### Task directions
Exact transcript, pictures excluded: write out every record below.

Stored items from a collection:
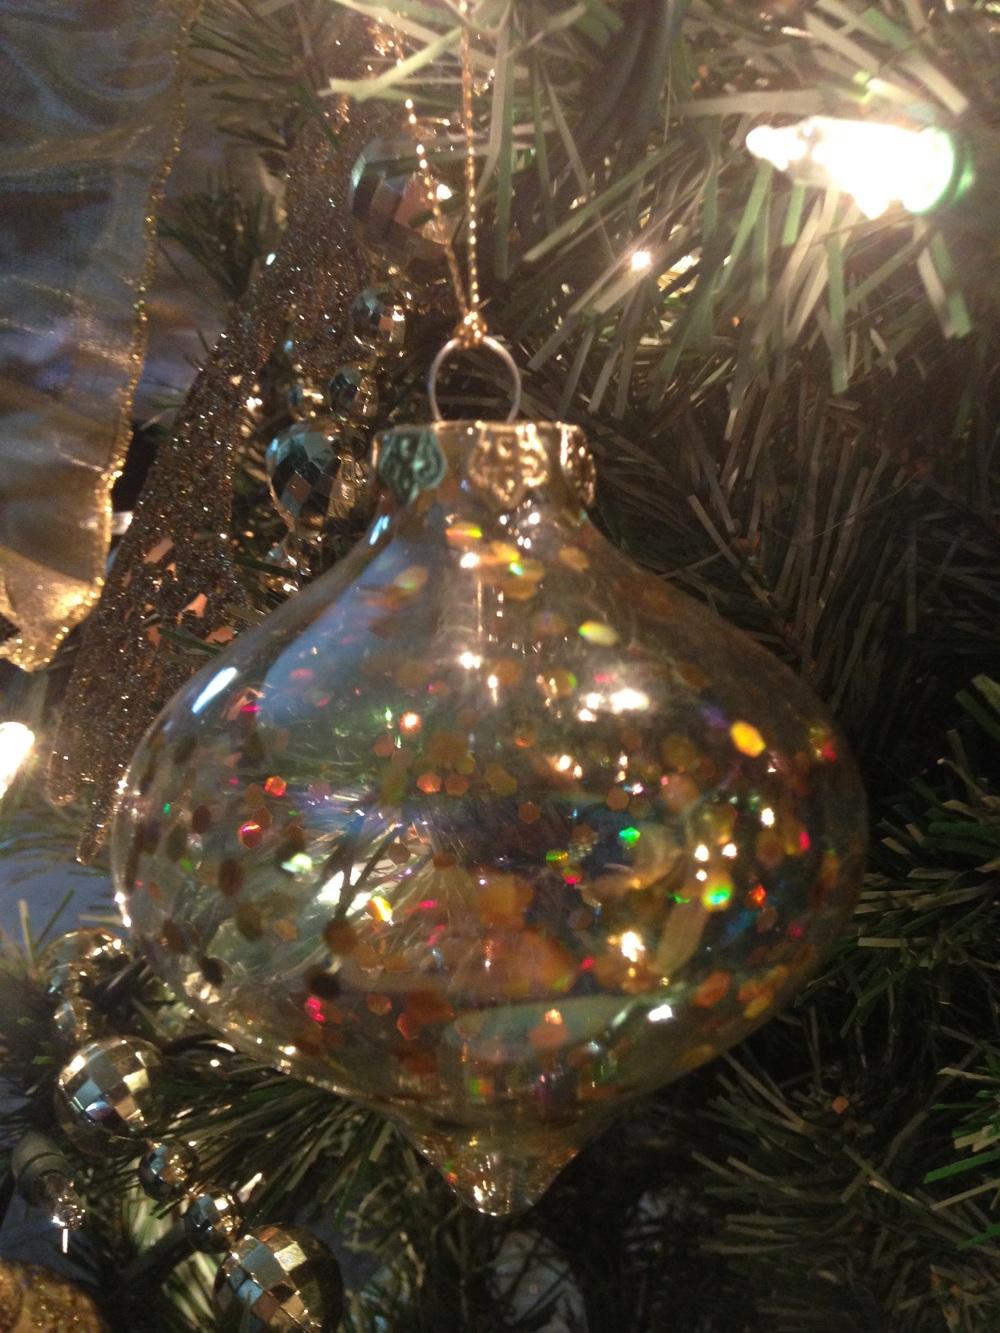 Christmas-Tree-Sparkly-Ornament.jpg
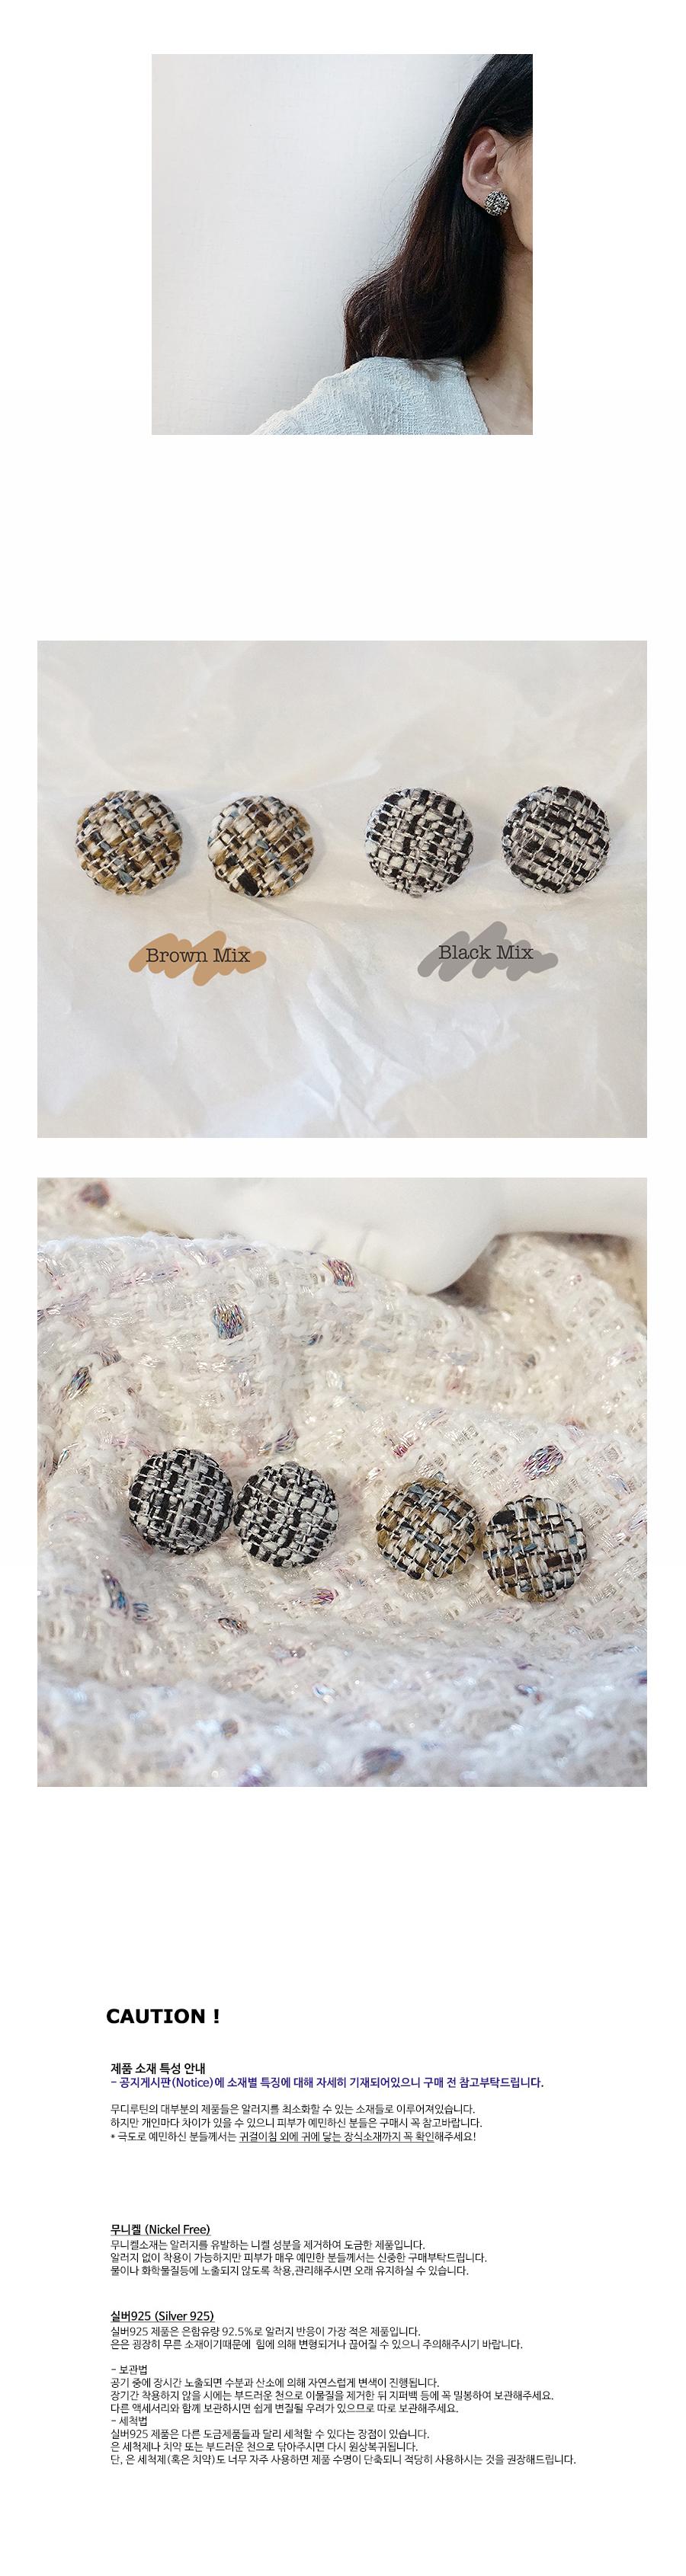 트위드 버튼 귀걸이 (2colors) - 무디루틴, 8,500원, 실버, 볼귀걸이
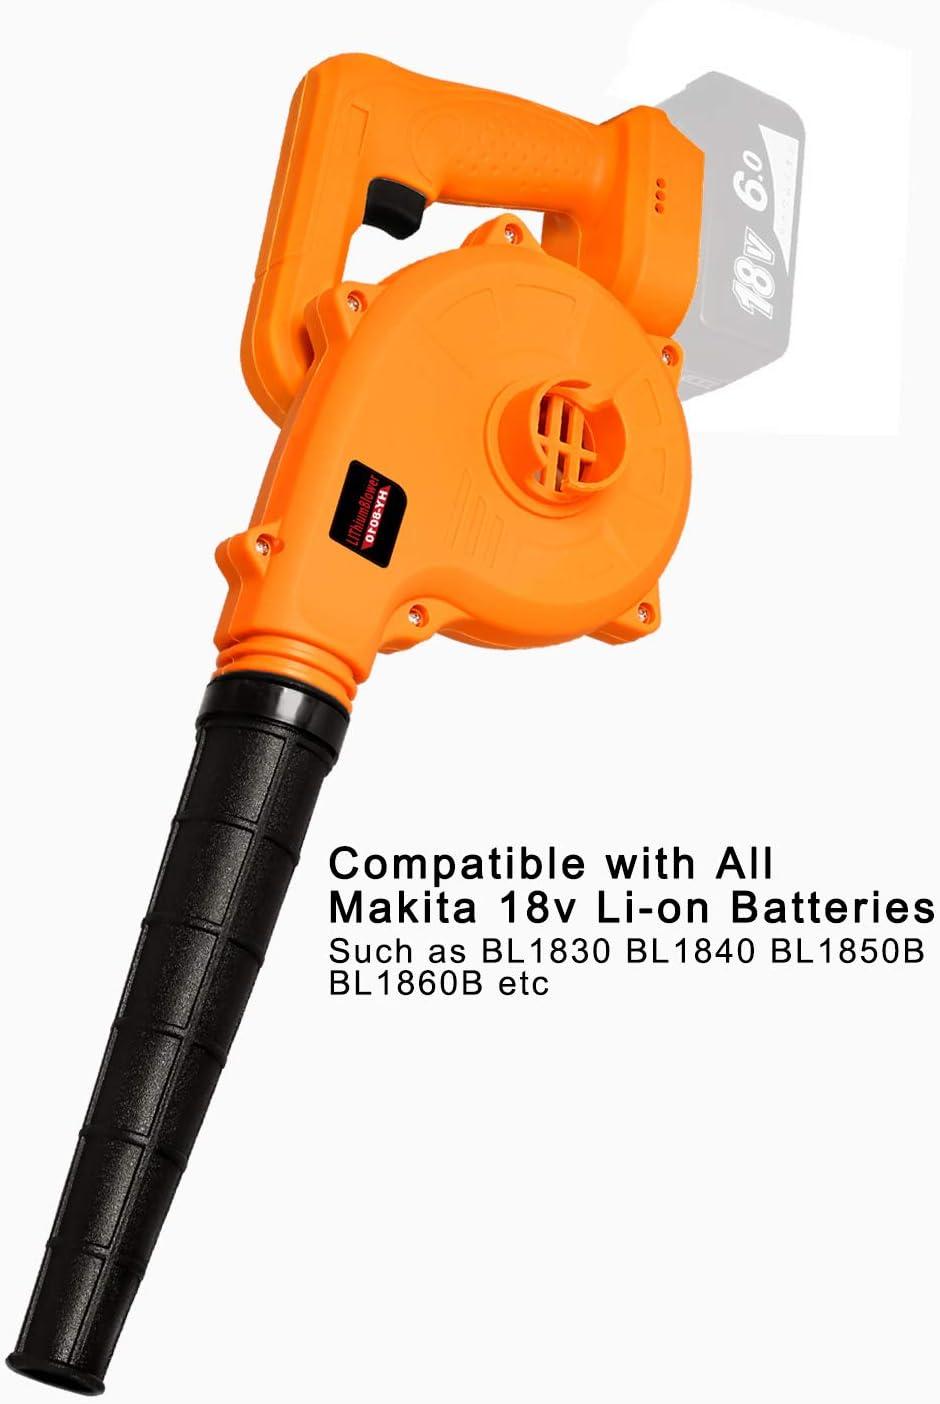 Bsioff Soplador de Hojas y aspiradora Barredora//aspiradora 2 en 1 de Litio de 18 V 18000 RPM Compatible con Makita 18 V BL1850B BL1860B Bater/ía de Iones de Litio
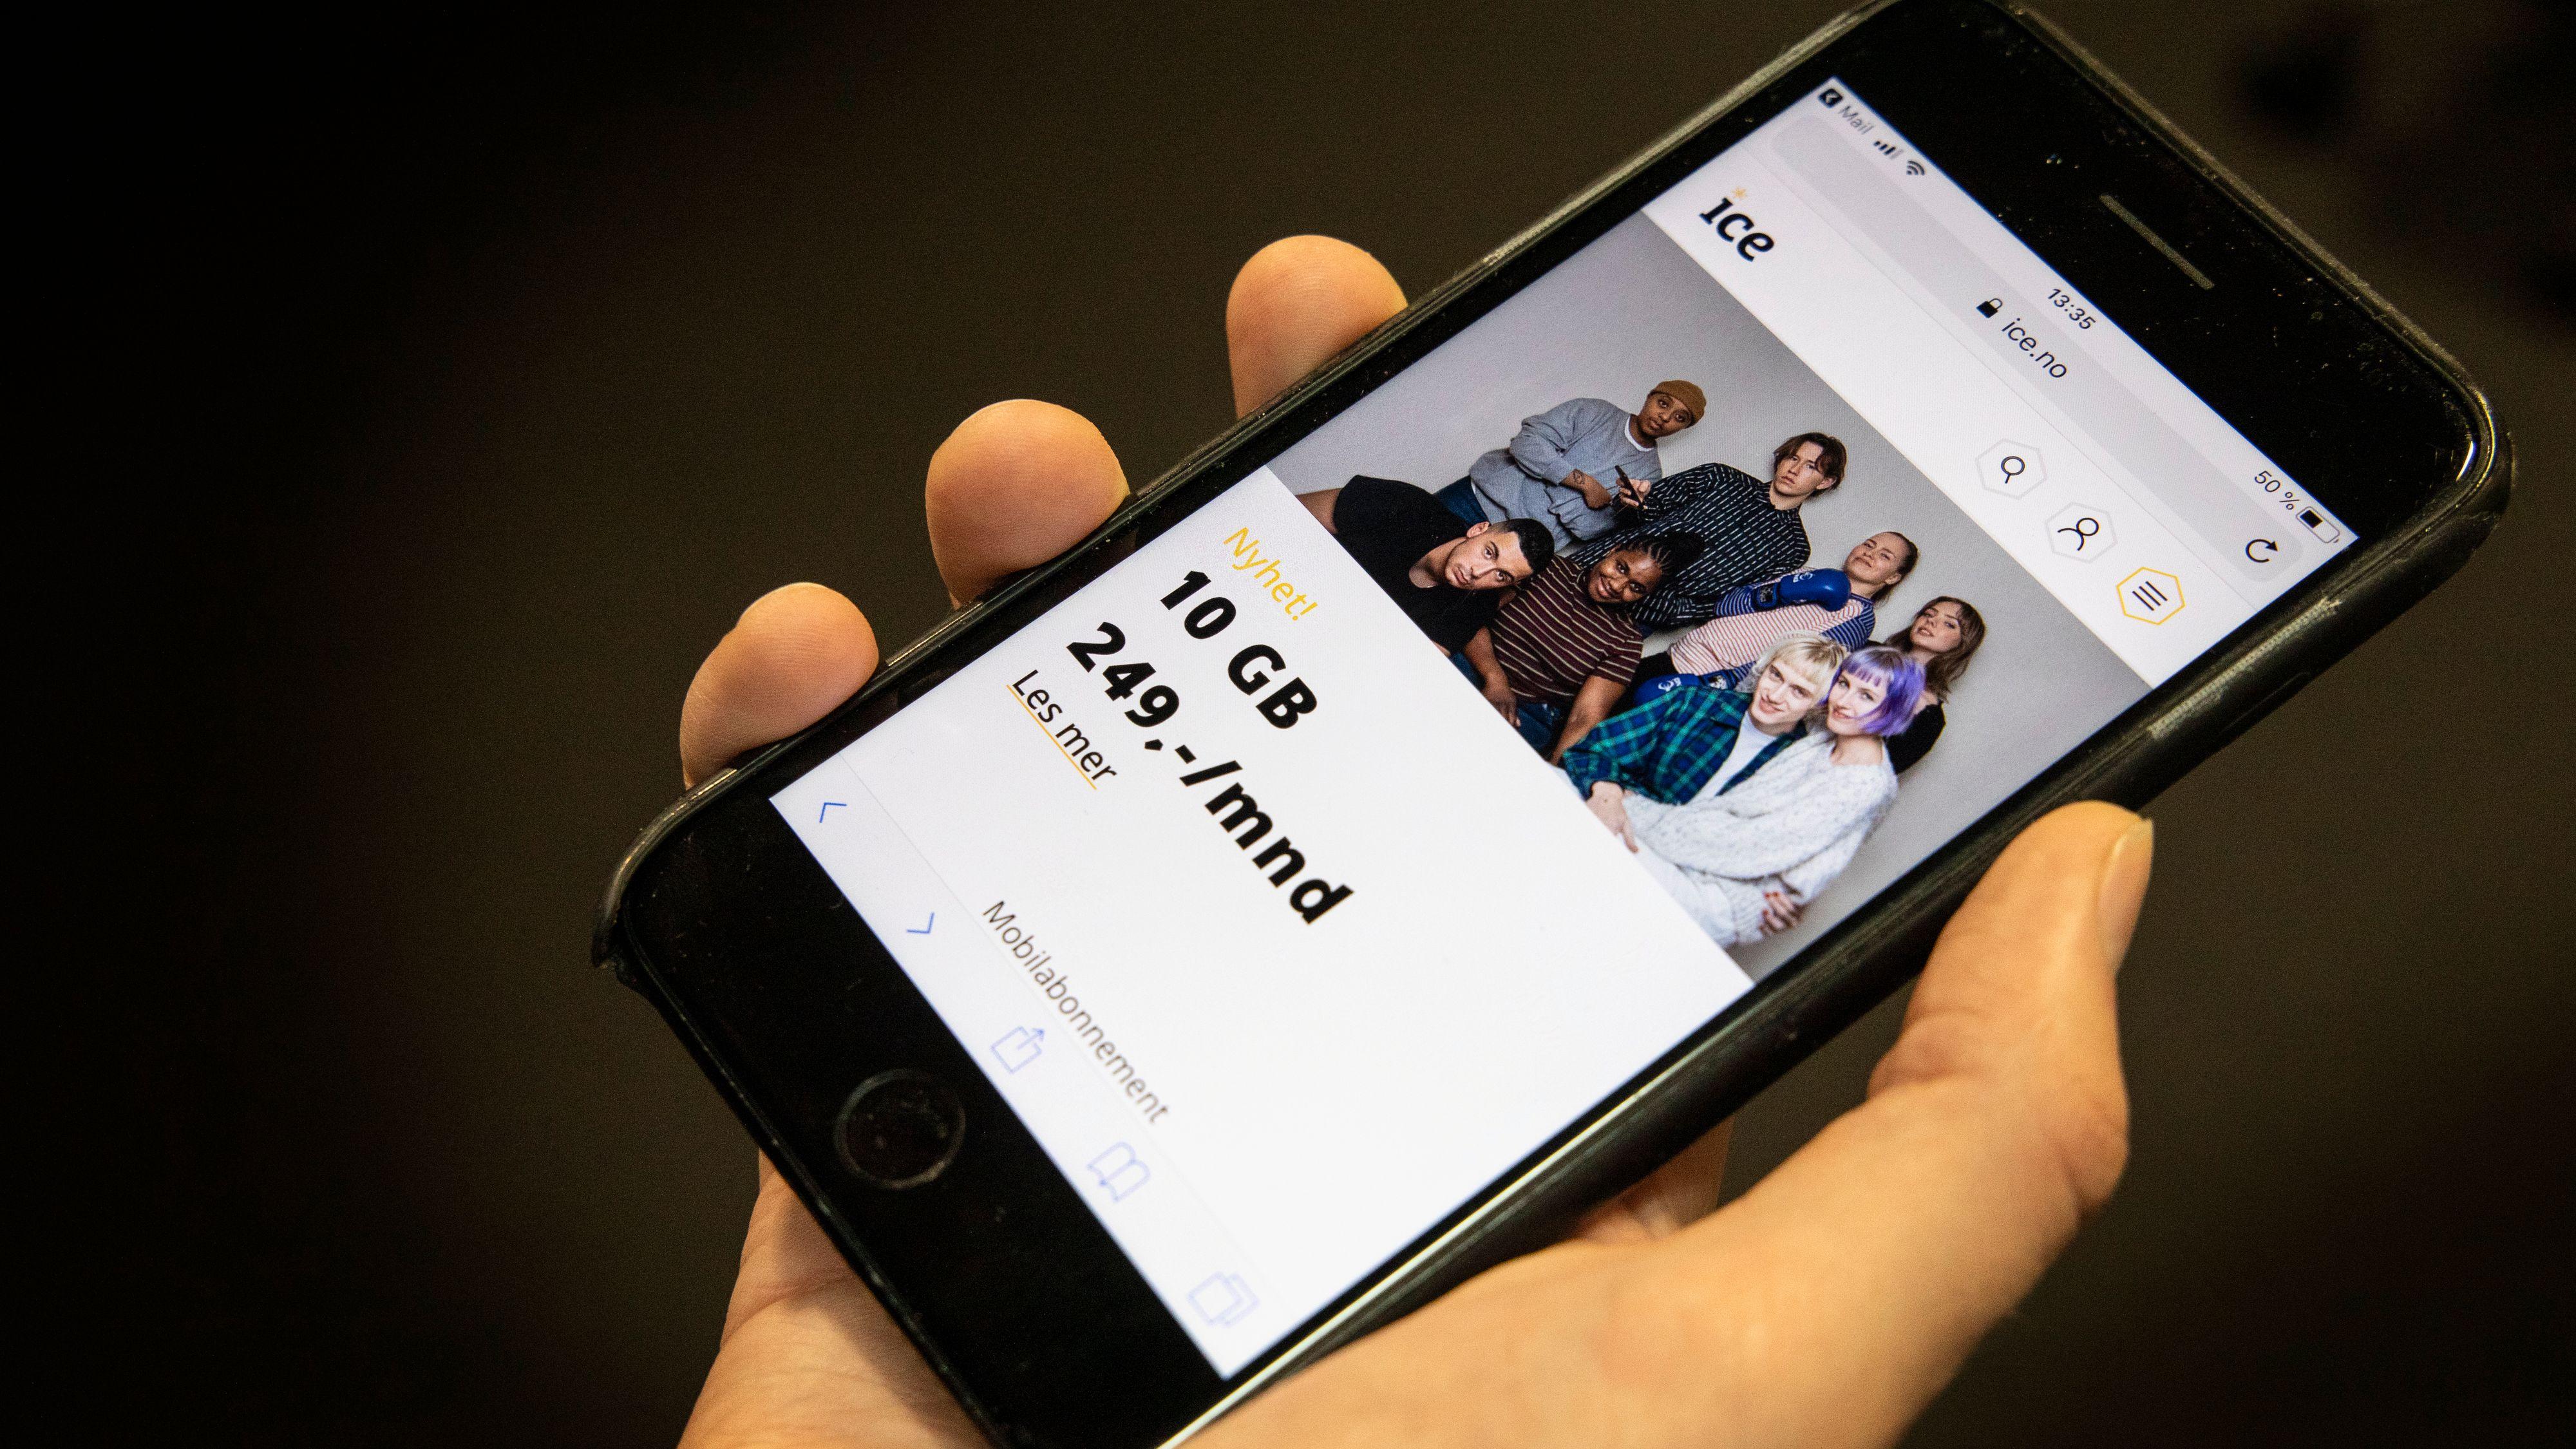 Ice lanserer IceUng: Gir ungdom 10 GB for 249 kroner i måneden
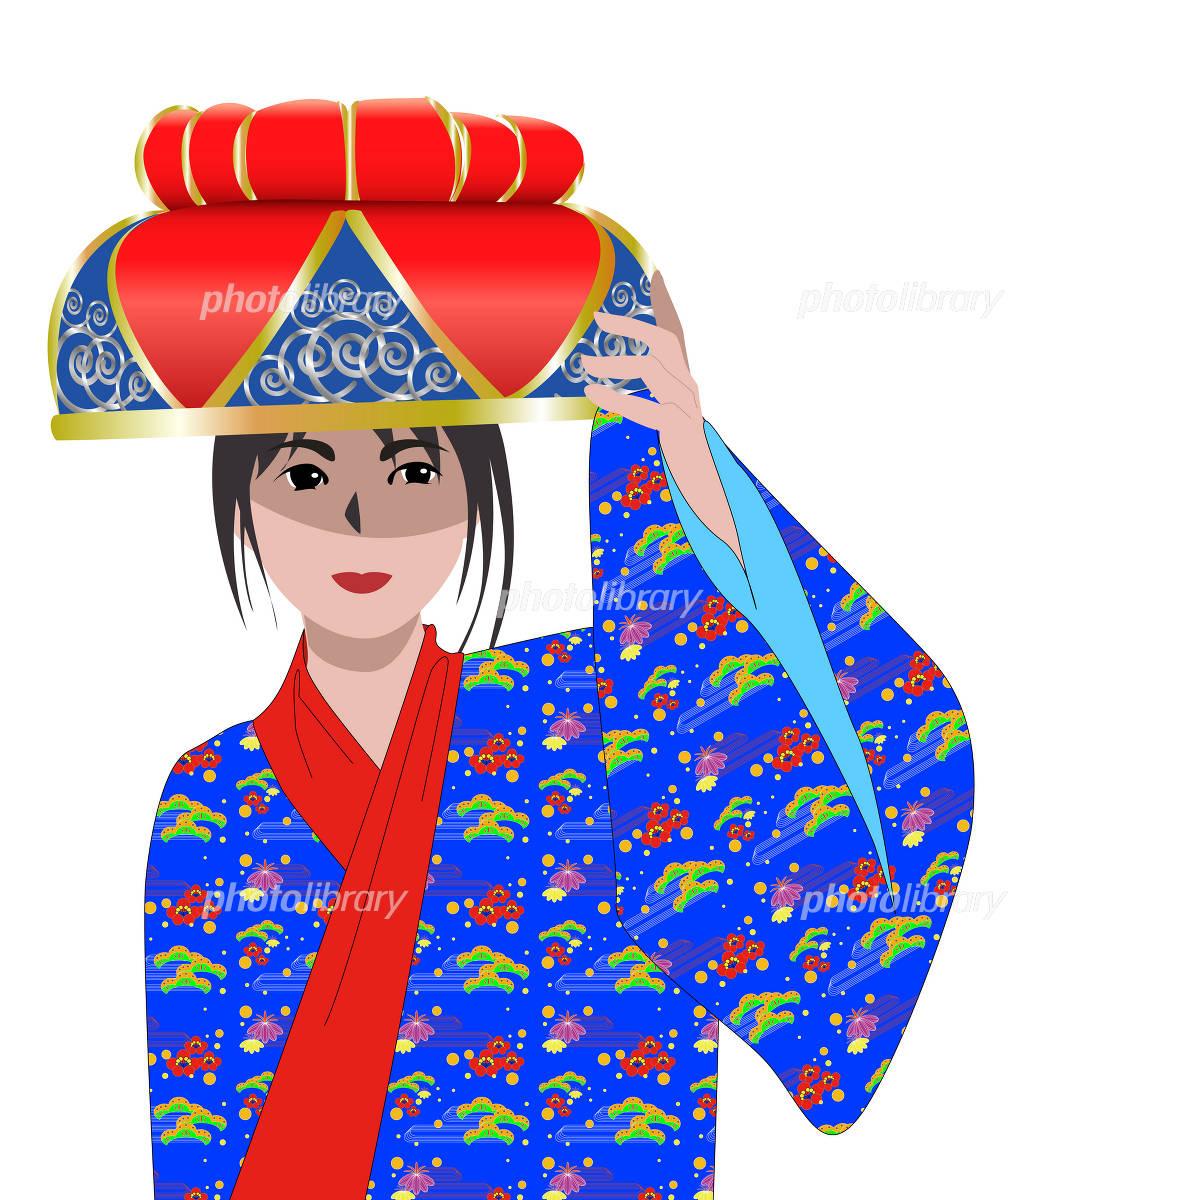 沖縄民族衣装を着た女性 イラスト素材 433384 無料 フォトライブ

### Answer box
 Christmas-Tree-Sparkly-Ornament.jpg
 트위드 버튼 귀걸이 (2colors) - 무디루틴, 8,500원, 실버, 볼귀걸이
 Bsioff Soplador de Hojas y aspiradora Barredora//aspiradora 2 en 1 de Litio de 18 V 18000 RPM Compatible con Makita 18 V BL1850B BL1860B Bater/ía de Iones de Litio
 Ice lanserer IceUng: Gir ungdom 10 GB for 249 kroner i måneden
 沖縄民族衣装を着た女性 イラスト素材 433384 無料 フォトライブ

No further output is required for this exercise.